I'm drinking early times at a fridays on wednesday night. This entire bar is going to see my dick by last call.
I knew we were gonna fuck after she told me she's seen that Porno before
Defiantly just threw away our yearly bottle collection in front of the campus tour. The school should pay me for recruitment
I'm standing outside of the bar watching homeless men teach a kid how to pee of the sidewalk.
Restaurants Roasting People Who Gave Them Negative Yelp Reviews (25 Pics)
I mean it's my life so what if i want to drink Molson from my sparkly shoes and not regret anything
Haha you were definitely messed up. Let me know if you need anything
Could really use a time machine and a higher self esteem, in that order
Captain America stopped by our tailgate. He ate a taco.

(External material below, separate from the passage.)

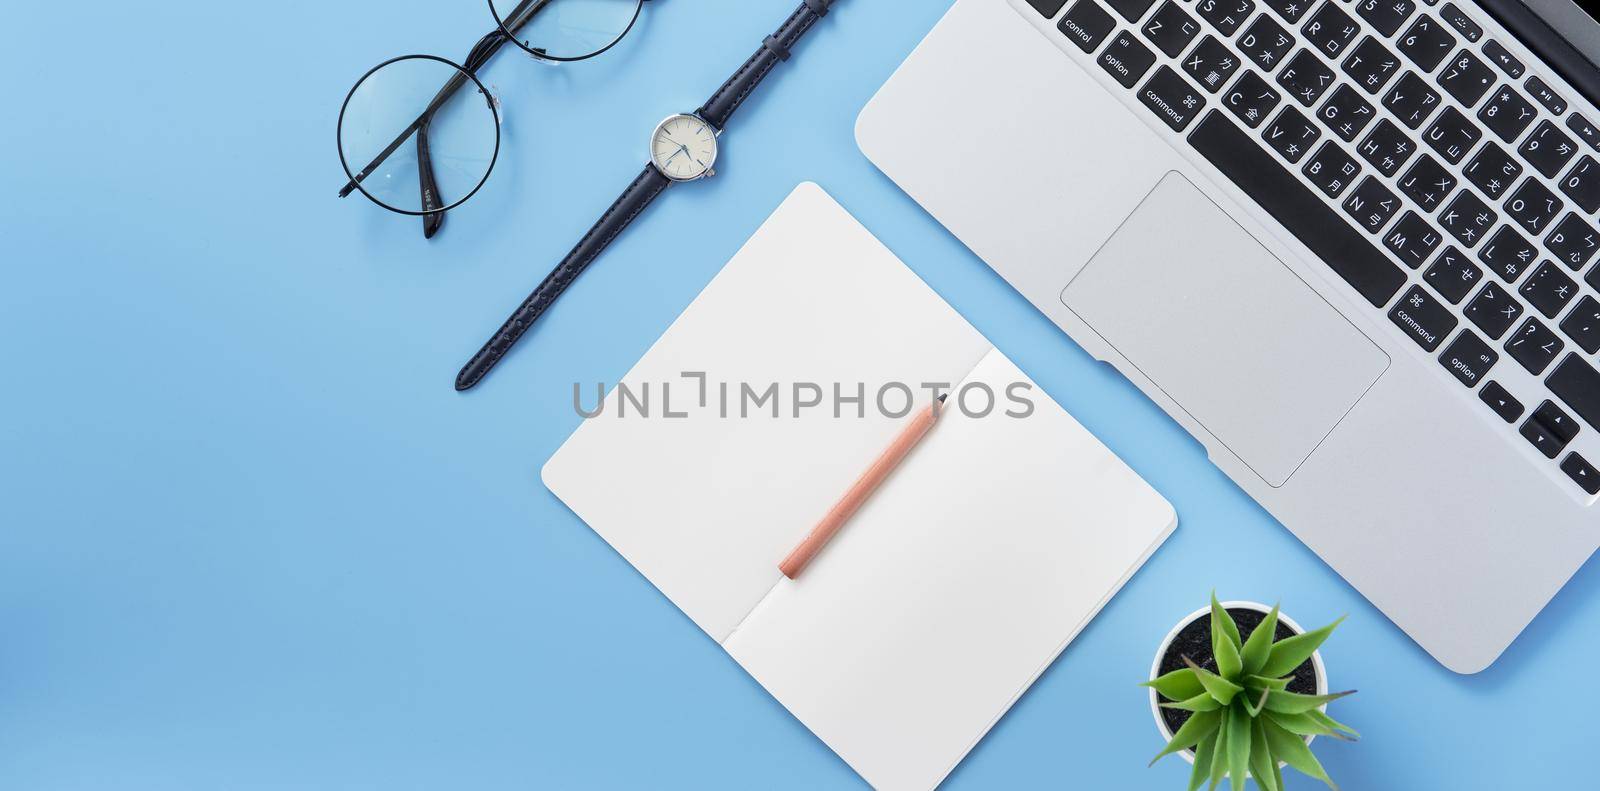 Girl write on open white book or accounting on a minimal clean light blue desk with laptop and accessories, copy space, flat lay, top view, mock up by ROMIXIMAGE
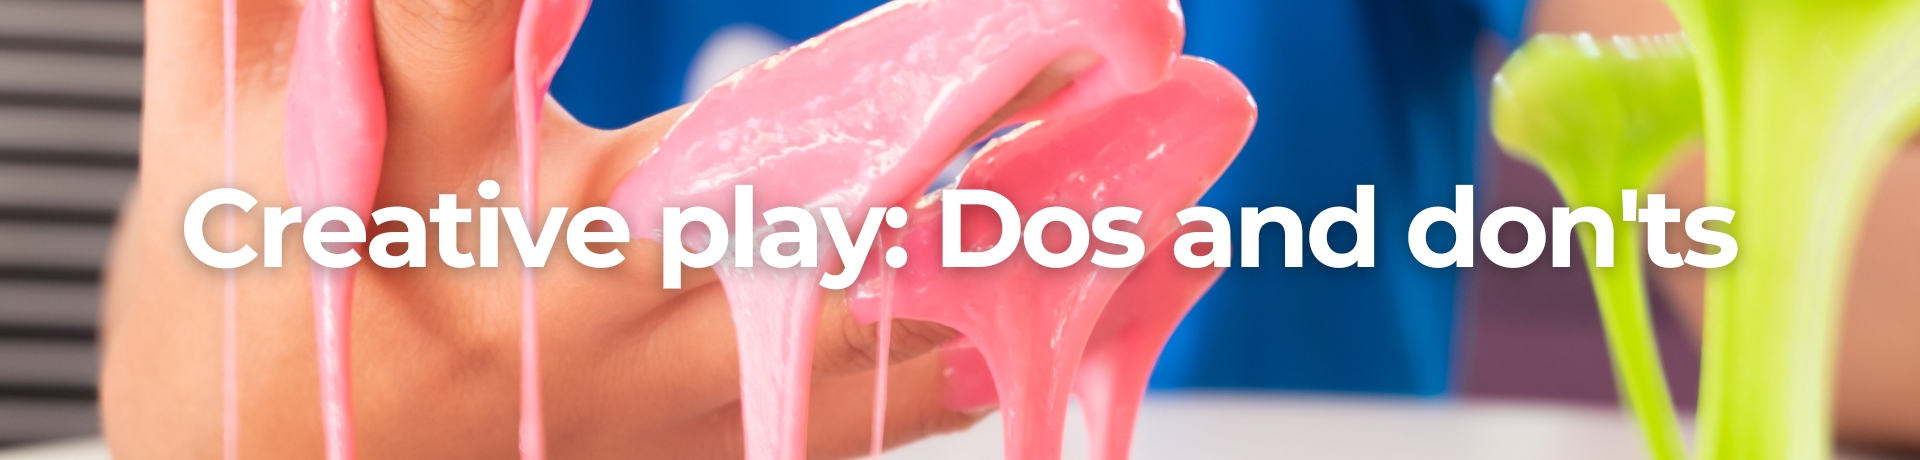 Image of hands playing with slime with text overlay 'creative play dos and don'ts'

When a best friend shows up on a tricycle with a case a beer and goes "get on loser" you get on, because there is a magical adventure afoot
Yes but funny for a 45 year old hell bent on reliving her college days by giving body shots and hand jobs. Not necessarily in that order
Woman Posts Harassing DMs From Creep Online, Now He’s Upset Because People Told His Mom
Are you in a good mood because I stuffed you with enchiladas, ice cream, penis, and cuddles last night?
My diet fell off the wagon when I began texting the pizza delivery guy my location on frat row.
Dude I had sex with her and she STILL thinks I'm gay. I don't know what else to do.
I couldnt face her after that wonderful, terrible blowjob. Made a rope out of towels and climbed out her bathroom window.
i love discovering the tokens of our drunkenness from the night before. it's like easter egg hunting. today: smashed pizza rolls in the sink.
It was some weird herd predator-evasion instinct. All 15 of us took off running in different directions, and the two cops just stood there, perplexed. They had no idea who to chase.